INFORMATION Start Marker
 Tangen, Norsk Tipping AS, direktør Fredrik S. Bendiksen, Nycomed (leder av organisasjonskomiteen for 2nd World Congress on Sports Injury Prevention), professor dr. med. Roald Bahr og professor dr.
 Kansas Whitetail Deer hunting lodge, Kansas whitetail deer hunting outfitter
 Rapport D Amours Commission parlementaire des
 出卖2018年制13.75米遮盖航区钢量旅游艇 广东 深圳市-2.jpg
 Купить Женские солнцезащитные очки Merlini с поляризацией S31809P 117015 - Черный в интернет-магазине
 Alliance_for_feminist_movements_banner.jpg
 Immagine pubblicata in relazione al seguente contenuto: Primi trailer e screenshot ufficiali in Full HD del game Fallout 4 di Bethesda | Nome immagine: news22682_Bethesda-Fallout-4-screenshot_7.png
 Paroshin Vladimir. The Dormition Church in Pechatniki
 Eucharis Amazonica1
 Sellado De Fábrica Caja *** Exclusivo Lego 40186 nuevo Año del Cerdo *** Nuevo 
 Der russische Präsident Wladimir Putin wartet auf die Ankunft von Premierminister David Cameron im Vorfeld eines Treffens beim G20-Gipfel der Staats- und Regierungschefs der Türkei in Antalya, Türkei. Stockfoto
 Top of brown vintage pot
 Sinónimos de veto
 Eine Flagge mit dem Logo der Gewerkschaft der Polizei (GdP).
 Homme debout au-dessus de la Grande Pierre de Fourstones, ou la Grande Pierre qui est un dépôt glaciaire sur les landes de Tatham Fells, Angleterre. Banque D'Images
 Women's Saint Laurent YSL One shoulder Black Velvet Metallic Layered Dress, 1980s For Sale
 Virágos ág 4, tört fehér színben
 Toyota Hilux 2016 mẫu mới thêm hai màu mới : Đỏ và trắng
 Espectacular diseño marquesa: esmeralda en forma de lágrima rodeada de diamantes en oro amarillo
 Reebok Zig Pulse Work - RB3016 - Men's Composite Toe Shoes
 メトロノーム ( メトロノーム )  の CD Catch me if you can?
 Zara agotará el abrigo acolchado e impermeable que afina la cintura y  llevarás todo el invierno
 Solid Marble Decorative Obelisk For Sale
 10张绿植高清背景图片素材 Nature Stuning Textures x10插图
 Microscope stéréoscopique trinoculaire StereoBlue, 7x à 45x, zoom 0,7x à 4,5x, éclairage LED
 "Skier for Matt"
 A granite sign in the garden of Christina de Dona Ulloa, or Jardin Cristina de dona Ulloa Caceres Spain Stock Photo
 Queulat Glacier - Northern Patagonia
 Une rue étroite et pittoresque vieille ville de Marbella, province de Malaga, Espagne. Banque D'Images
INFORMATION End Marker
## PROBLEM TO WORK ON
Those lines from the one with "Virágos ág 4, tört fehér színben" through the last line of the material above are to be retyped exactly, with nothing else.

## RESULT OF THIS EXERCISE
 Virágos ág 4, tört fehér színben
 Toyota Hilux 2016 mẫu mới thêm hai màu mới : Đỏ và trắng
 Espectacular diseño marquesa: esmeralda en forma de lágrima rodeada de diamantes en oro amarillo
 Reebok Zig Pulse Work - RB3016 - Men's Composite Toe Shoes
 メトロノーム ( メトロノーム )  の CD Catch me if you can?
 Zara agotará el abrigo acolchado e impermeable que afina la cintura y  llevarás todo el invierno
 Solid Marble Decorative Obelisk For Sale
 10张绿植高清背景图片素材 Nature Stuning Textures x10插图
 Microscope stéréoscopique trinoculaire StereoBlue, 7x à 45x, zoom 0,7x à 4,5x, éclairage LED
 "Skier for Matt"
 A granite sign in the garden of Christina de Dona Ulloa, or Jardin Cristina de dona Ulloa Caceres Spain Stock Photo
 Queulat Glacier - Northern Patagonia
 Une rue étroite et pittoresque vieille ville de Marbella, province de Malaga, Espagne. Banque D'Images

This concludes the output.